For years, the Czech tax regime offered individual investors, including founders, family sellers and carried-interest recipients, a powerful incentive. Under the Income Tax Act, capital gains from the sale of shares in a Czech company could be fully exempt from personal income tax provided two conditions were met: the seller held the shares for at least three years, and the seller’s aggregate investment-related income did not exceed CZK 40 million in the relevant tax year. This twin test made Czechia an attractive jurisdiction for PE exits structured through individual sellers or thin holding layers.
Corporate sellers, meanwhile, benefited from a separate participation-exemption regime allowing tax-free gains on qualifying shareholdings held for at least twelve months, subject to minimum ownership and substance requirements.
Czech tax amendments effective from 2025 introduced significant limitations to this exemption framework. The CZK 40 million annual cap on exempt investment income has been tightened, and gains exceeding the threshold are now subject to personal income tax at a rate of 23 percent on the portion above CZK 40 million. Previously, breaching the cap rendered the entire gain taxable; industry observers expect the revised approach, taxing only the excess, to be marginally less punitive but still consequential for large PE exits where individual sellers or management co-investors receive meaningful proceeds.
The three-year holding requirement remains in place, but the cumulative-income test now aggregates a broader set of investment-income categories, including certain derivative and structured-product gains, reducing room for creative structuring around the cap.
The direct consequence for private equity funds in the Czech Republic is that any exit or secondary sale routed through individual shareholders or management sellers must be re-modelled. Earn-out payments that push a seller’s aggregate investment income above the CZK 40 million threshold in a single tax year will trigger taxation on the excess. Sponsors negotiating management incentive plans, co-investment arrangements or carried-interest crystallisations should consider staggering payments across tax years, restructuring through corporate holding vehicles, or renegotiating the allocation between fixed and contingent consideration. For secondaries, the buyer’s pricing model must now incorporate the seller’s potential tax leakage as a cost factor, a shift that directly affects transaction multiples.

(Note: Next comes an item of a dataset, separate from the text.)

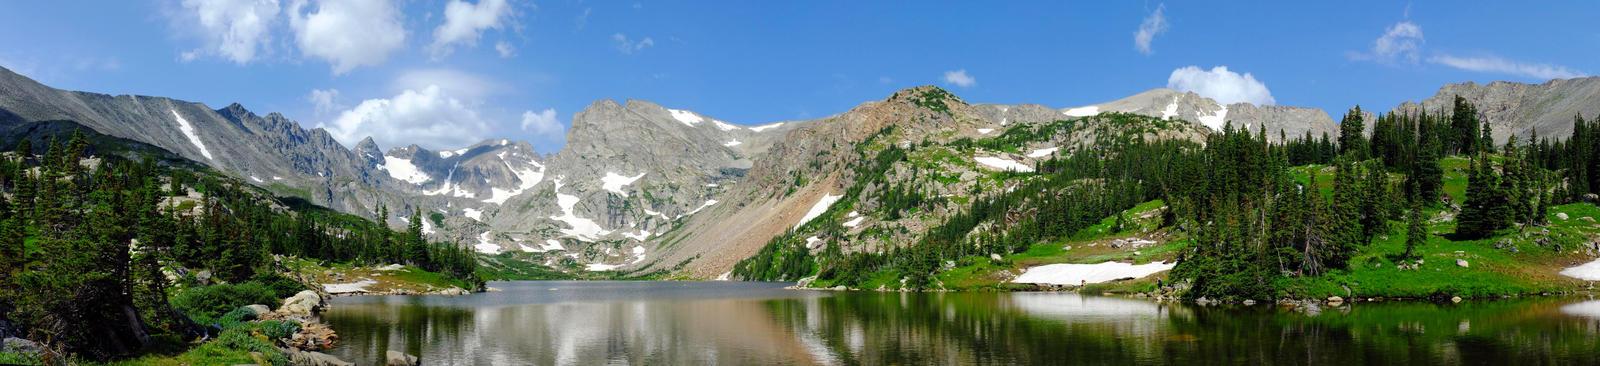 Mid summer at Indian Peaks by Kolnithur

| Scenario | Before 2025 Changes | After 2025 Changes |
|---|---|---|
| Individual seller, share sale gain of CZK 60 million (held > 3 years) | Fully exempt (total investment income remained under CZK 40m in many structures) | CZK 40m exempt; CZK 20m taxed at 23% = CZK 4.6m tax liability |
| Management co-investor, earn-out of CZK 15m received in year when base proceeds already = CZK 35m | CZK 50m total, previously entire gain may have become taxable if cap exceeded | CZK 40m exempt; CZK 10m taxed at 23% = CZK 2.3m additional tax |
| Corporate seller (Czech s.r.o.), qualifying participation held > 12 months | Exempt under participation exemption (conditions met) | Participation exemption unchanged for corporate sellers meeting substance and holding tests |
Note: These figures are illustrative only and assume the seller has no other investment income in the relevant year. Actual liability depends on individual circumstances. Tax counsel should be engaged to confirm the current position.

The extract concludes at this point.